OREANDA-NEWS. Fitch Ratings says in a new report that cautiously improving business trends, focused hotel ownership property strategies and the possible emergence of hotel REITs will be the main drivers of the sector in 2016. These are the main conclusions from our recent investor meetings held in London and Paris.

Strong and stable occupancy has allowed major EMEA hotel groups to raise average room rates well above underlying inflation in 2015, resulting in improved EBITDA and EBITDA margins during the year. However, Fitch expects 2016 to be tougher, with only moderate price rises as some European countries implement further austerity measures and structural reforms, which could lead to dampened consumer spending.

EMEA hotel groups have embraced the asset-light concept now prevalent throughout North America, but Fitch expects these to maintain a more diversified approach to ownership and operations. We believe European hotels, such as AccorHotels, will continue to hold material owned hotel portfolios as these give some financial flexibility and liquidity through unencumbered asset availability in case of need.

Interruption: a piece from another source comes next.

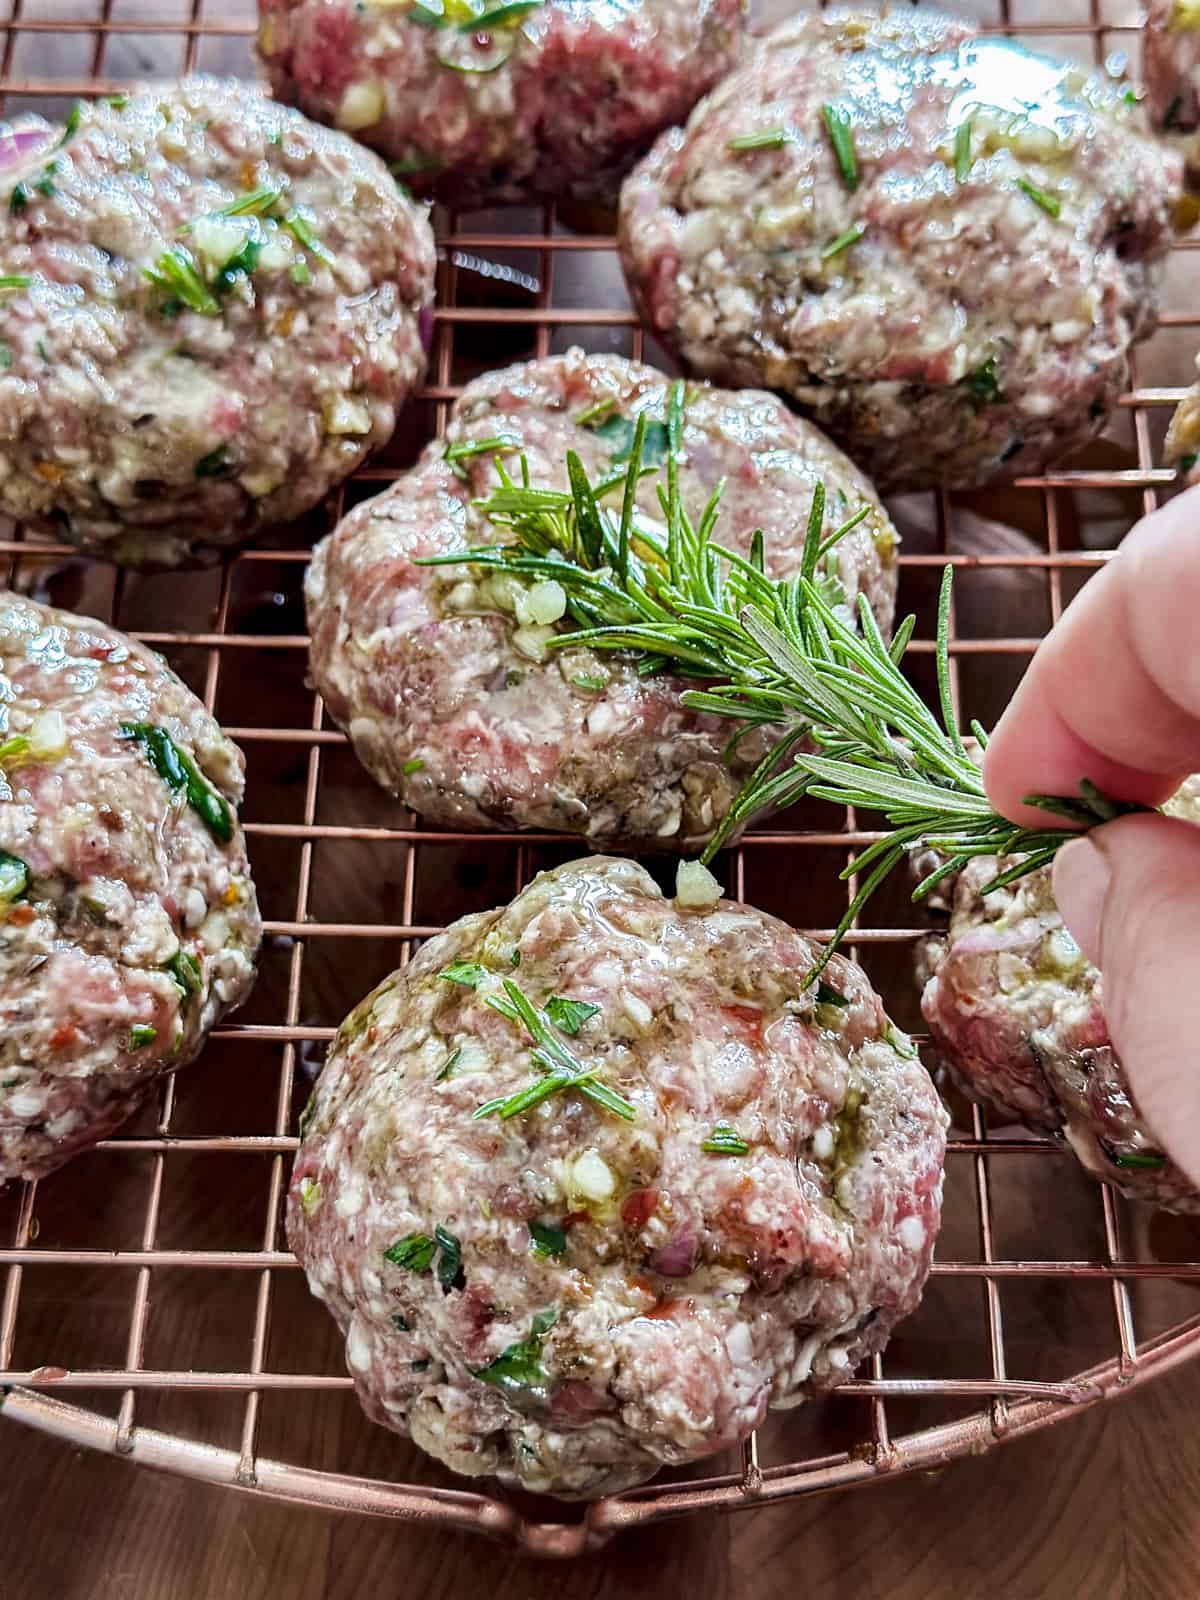 A hand holding a rosemary sprigs brushing olive oil on lamb burgers on a wire rack.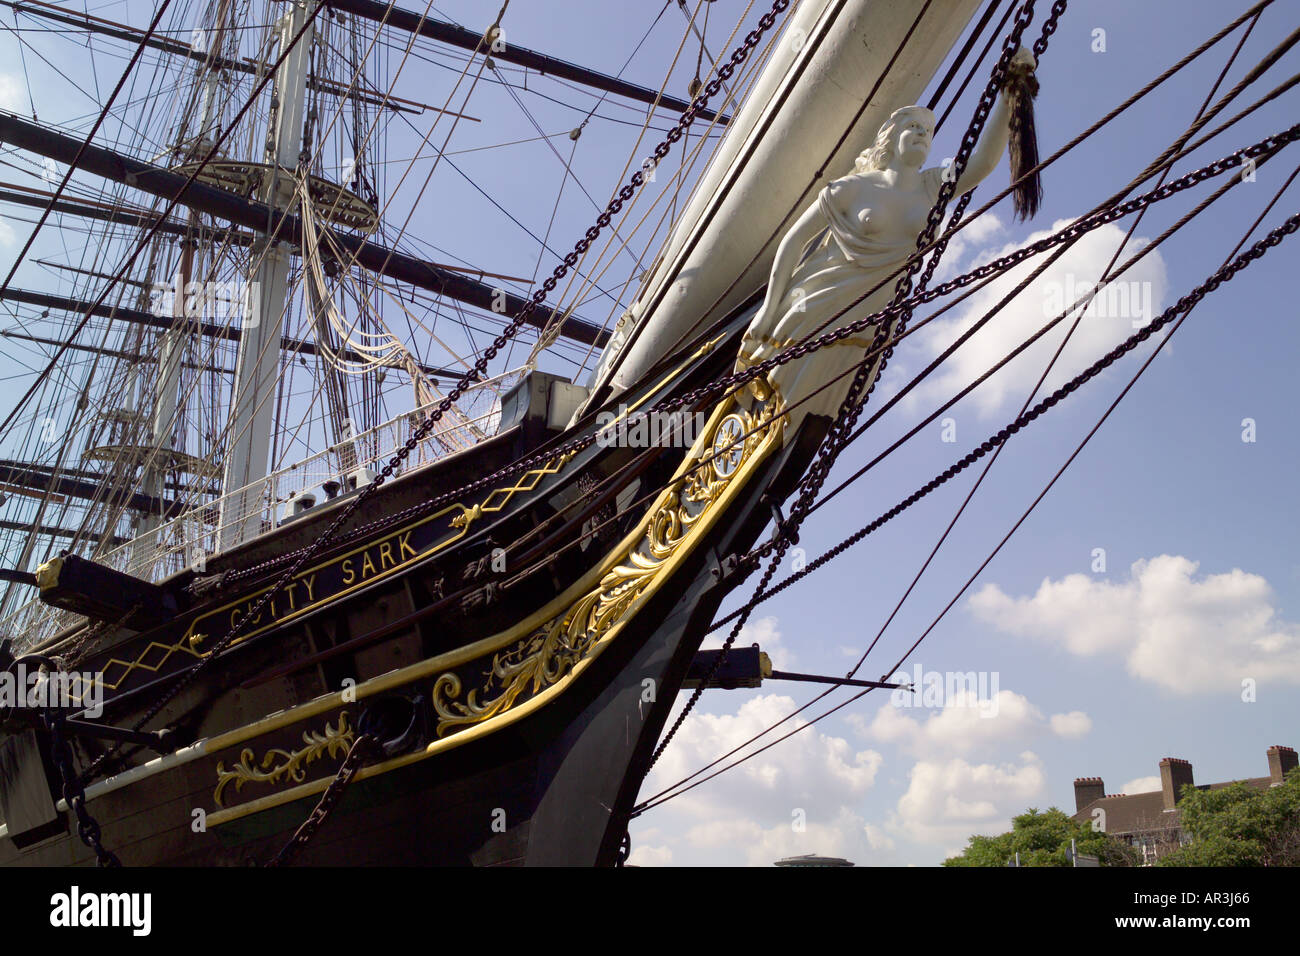 Cutty Sark tea Clipper at Greenwich south east London before the refurbishment in 2006/14 Stock Photo

We also think that the creation of a European hotel REIT is now a feasible proposition in the next two years. From a structural point of view, the European office and retail REIT investment property sector is now well established and benefits from good liquidity. The European hotel market is also benefiting from historically low interest rates and a cyclical upturn. European hotels also have investment advantages in terms of attractive yield premiums compared to retail and office, even in prime locations, whose returns are currently low by historical standards.